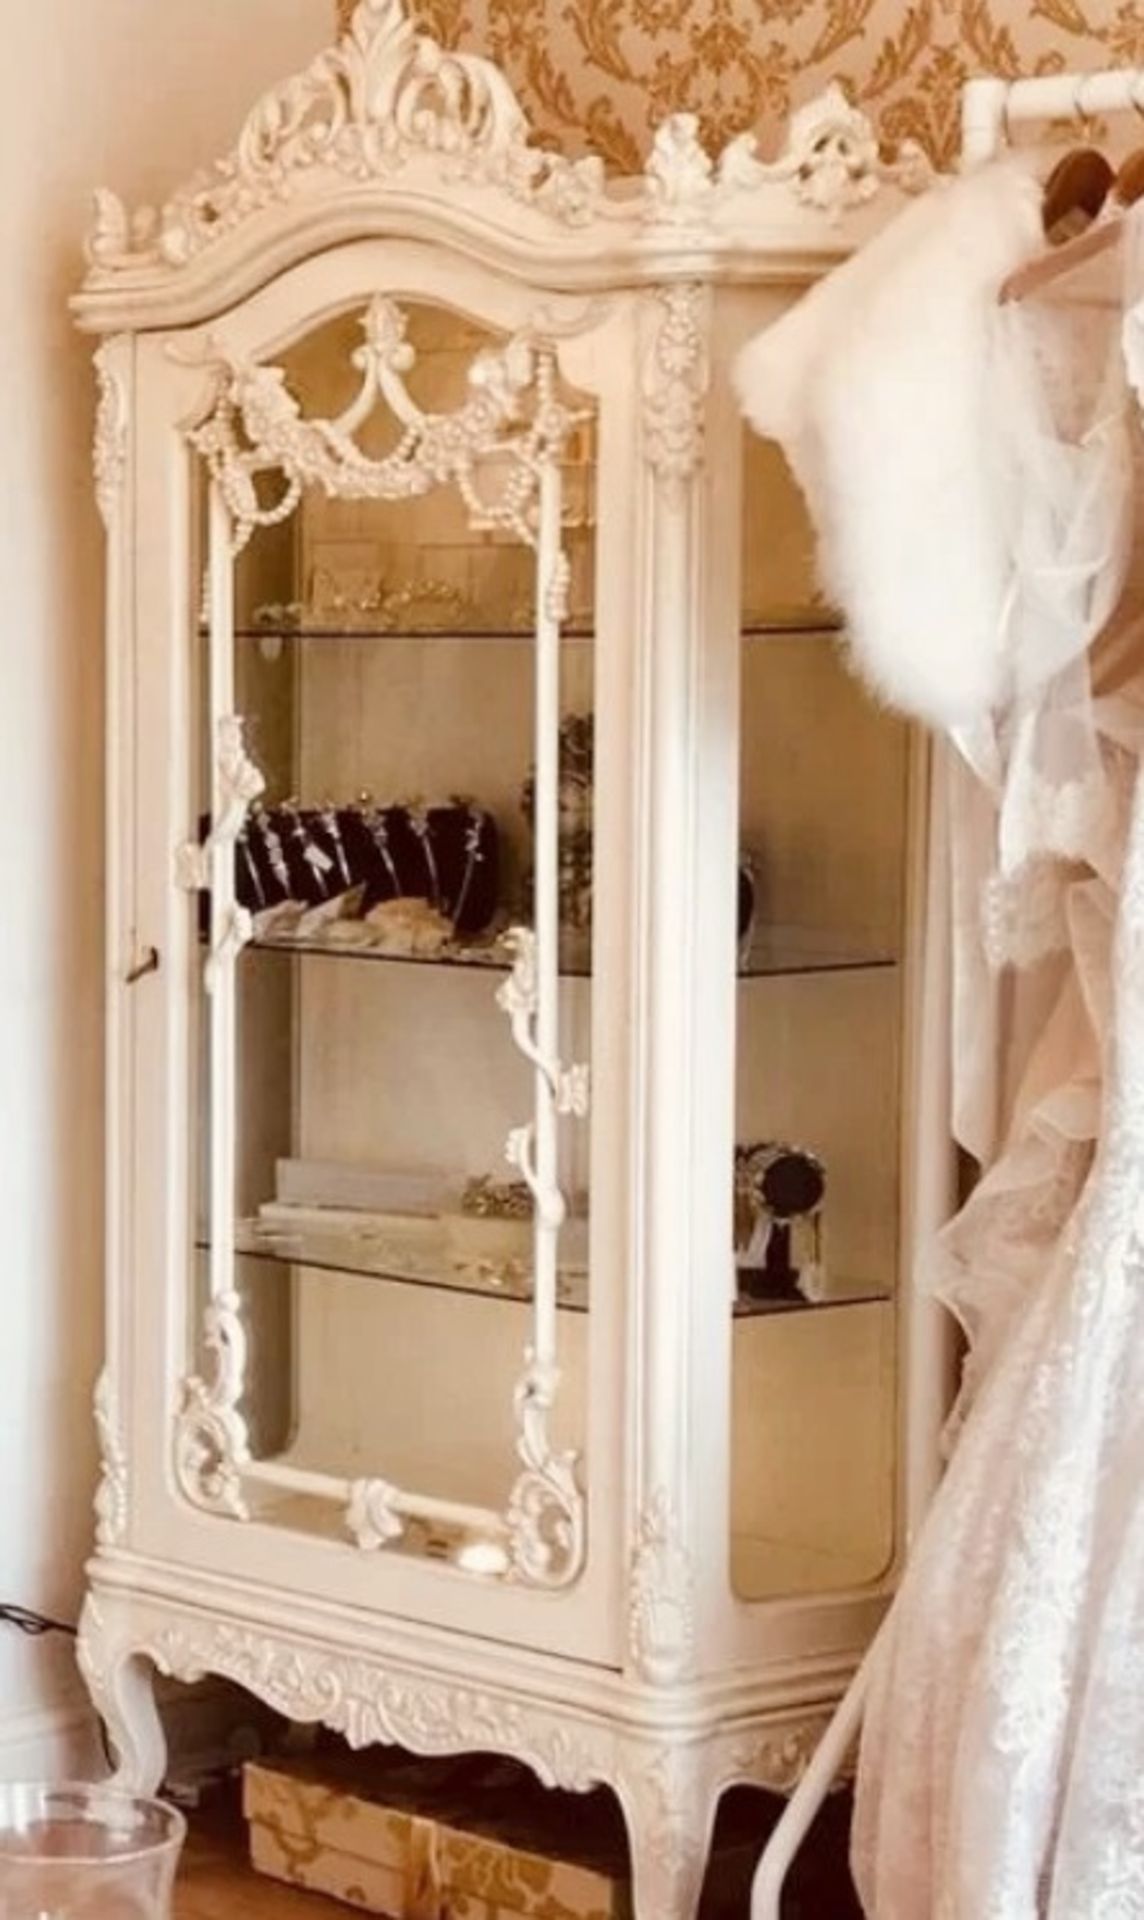 1 x Ornate Illuminated Wardrobe With 3 Glass Shelves - Recently Removed From A Bridal Boutique - Image 6 of 20
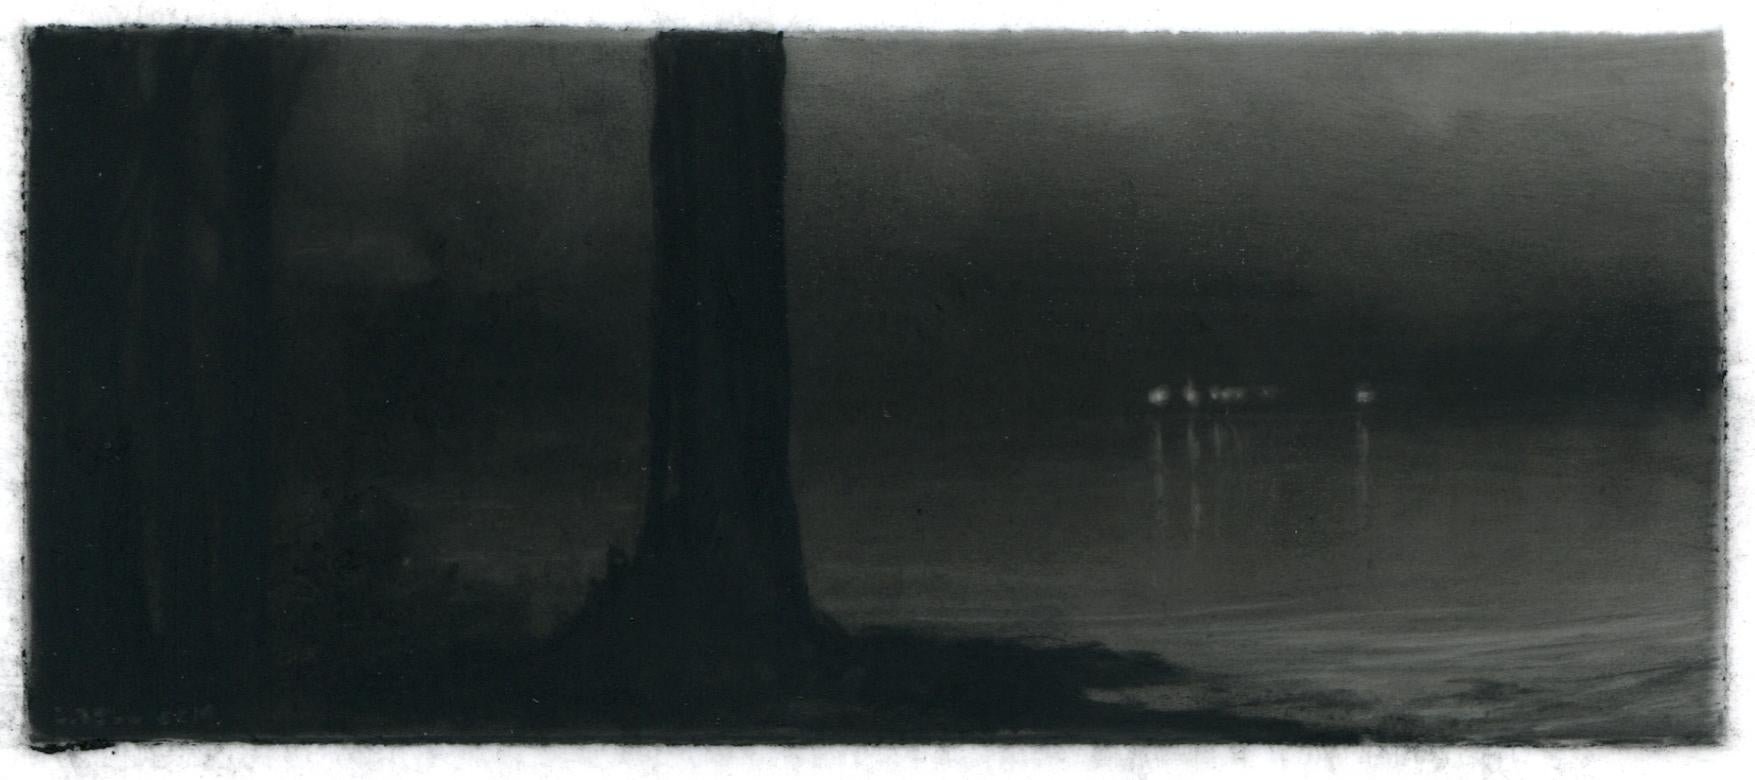 Dozier Bell Landscape Art - Night cove, realist black and white charcoal landscape drawing
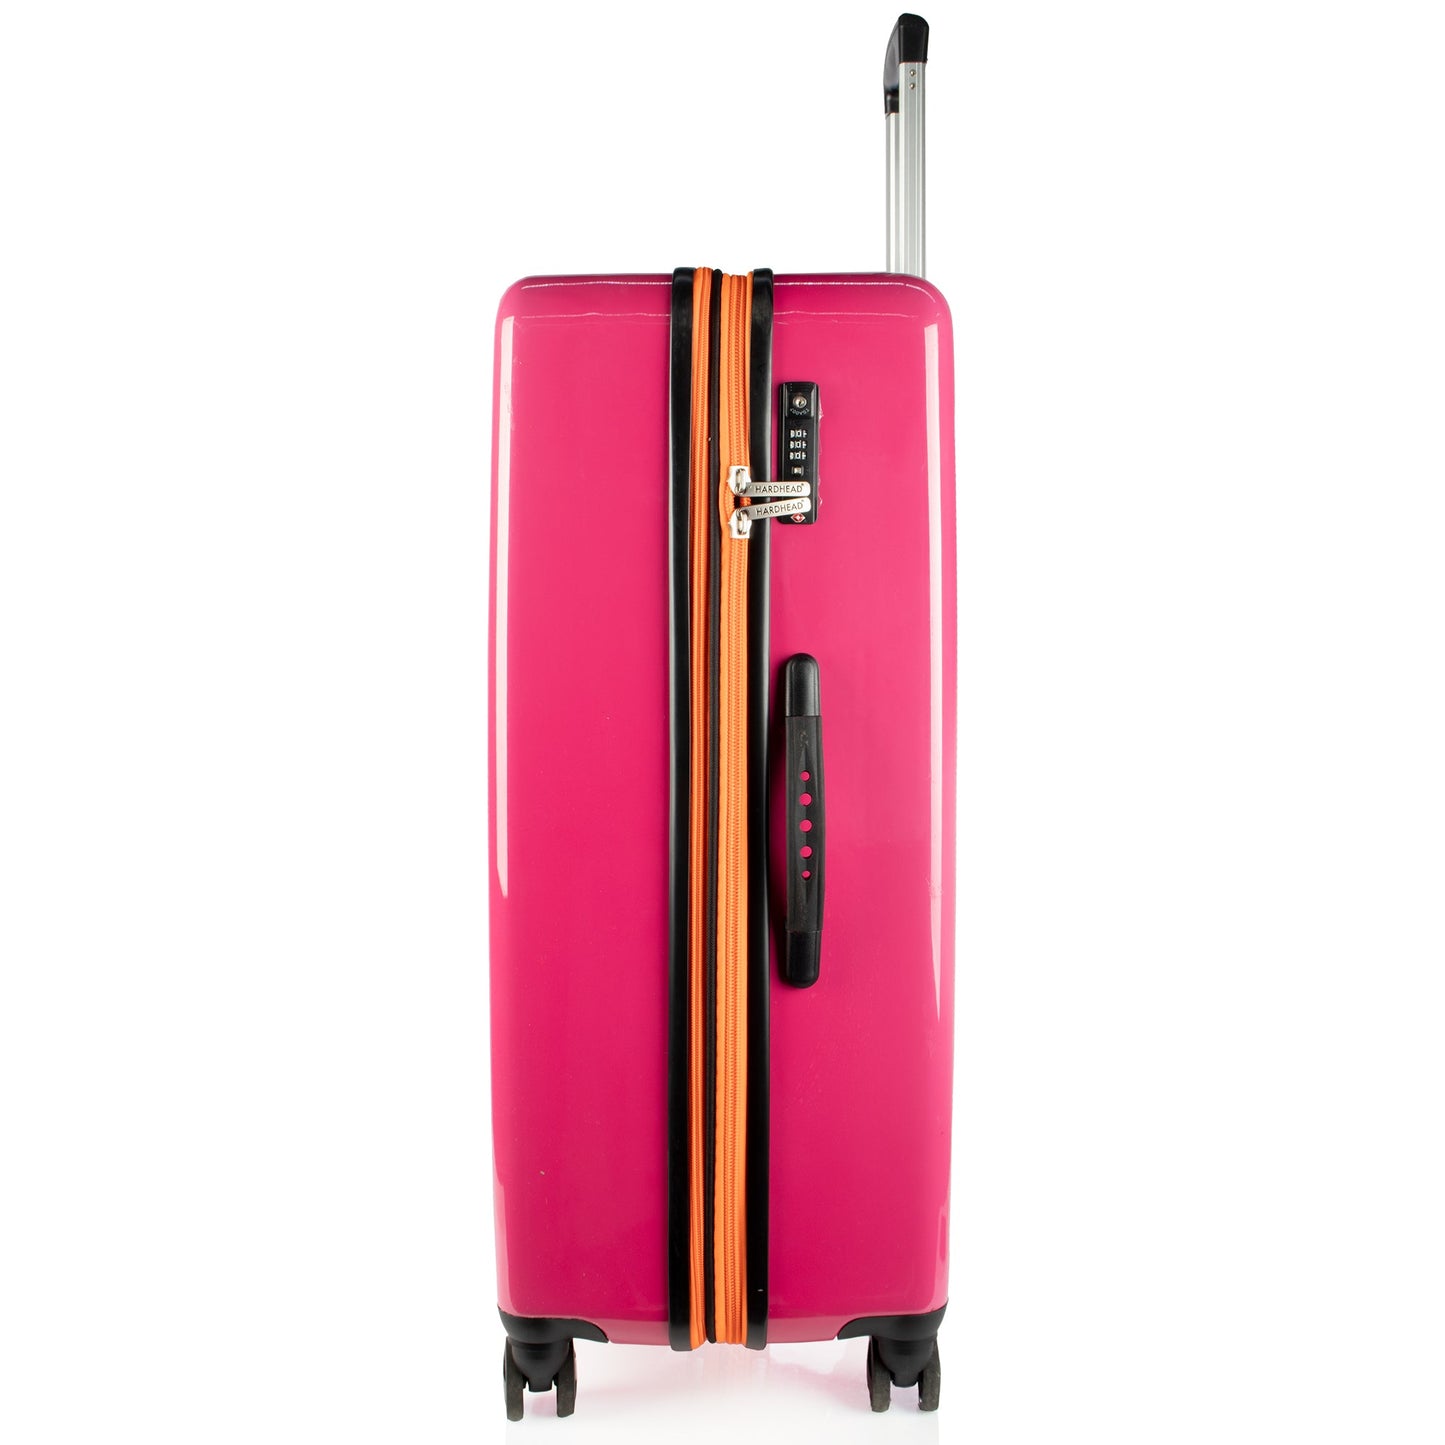 Boost Collection Pink Luggage (22/26/30") Suitcase Lock Spinner Hardshell

■ ■ ■ ■ ■

▸ **Problem details**
Give back every line of the material above word for word, leaving out the pictures.

▸ **The answer**
 1 x Ornate Illuminated Wardrobe With 3 Glass Shelves - Recently Removed From A Bridal Boutique - Image 6 of 20
 Dozier Bell Landscape Art - Night cove, realist black and white charcoal landscape drawing
 Boost Collection Pink Luggage (22/26/30") Suitcase Lock Spinner Hardshell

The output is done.